Клара возилась у своей мортиры, как у домашней печки, засунув юбку меж ног и прижав ее коленями, чтобы не мешала движениям. Клара даже не успевала поскрести голову. Дух разрушения охватил ее резкой озабоченностью. Нутром угадывала она, куда послать порцию своего балованого железа, и нервничала, когда не попадала. Людей уже не было видно на берегу. Она послала снаряд к палаткам и скомкала их четкий четырехугольник в грязную, дымящуюся кучу. Она ударила по муке. Смех душил ее. Еще раз по муке. Снаряд закапывался в белой мучной туче и суетился в ней, как живой. Мука неслась над рекой, беля палубы батареи.

Тогда перевозчик на пароме в паническом героизме ударил топором в днище своего ковчега и обрубил канат. Следующим снарядом Клара освободила реку от судорог этой прогнившей посудины.
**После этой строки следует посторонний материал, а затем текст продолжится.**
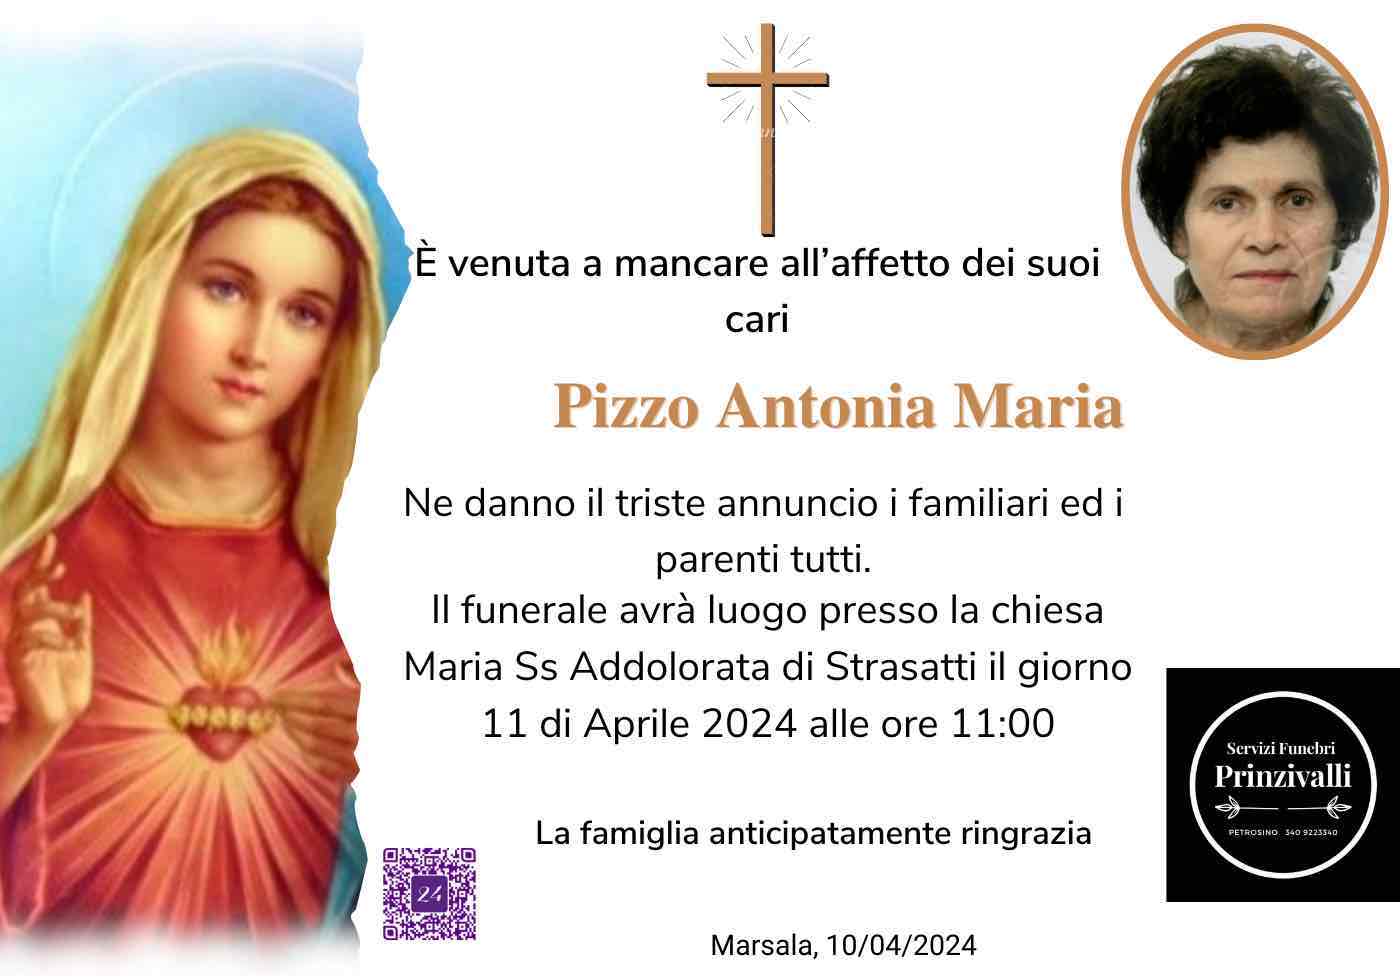 Antonia Maria Pizzo

Она еще хотела ударить по овражку за переправой, но «Эсток» повернул назад, зовя за собой батарею. От Медонского леса карьером неслось орудие. Клара отошла от мортиры и оправила юбку.

– Напекла, сколько могла, – сказала она, широко вздыхая.

Быстро прошли остров, и вот уже виадук покрыл их своей сетчатой тенью. У пристани ждали мальчишки, готовясь принять канат.

Спустя час Клара танцовала в бульонке. Она бойко переставляла ноги и кружила юбкой. Тут рассказали, что у одной убитой версальским снарядом девочки в кармане оказались очки и бумага, утверждающая, что она сиделка и что ей сорок лет.

Клара едва не захлебнулась смехом:

– Неумолимый господь, – пробормотала она сквозь смех, – какие штуки среди белого дня.

Потом рулевой Аристид купил ей в подарок шесть арлекинов из дичи, и они вдвоем вернулись на батарею. Аристид пел модный романс: «Если сердце твое крылато, назови его именем птицы!»

И Клара всерьез ответила ему на этот учтивый комплимент:

– Если хочешь со мною дружить и так далее, я прямо скажу – сердце у меня, как нырок. То оно есть, то его нет. Имей в виду, Аристид, я люблю самое лучшее обращение.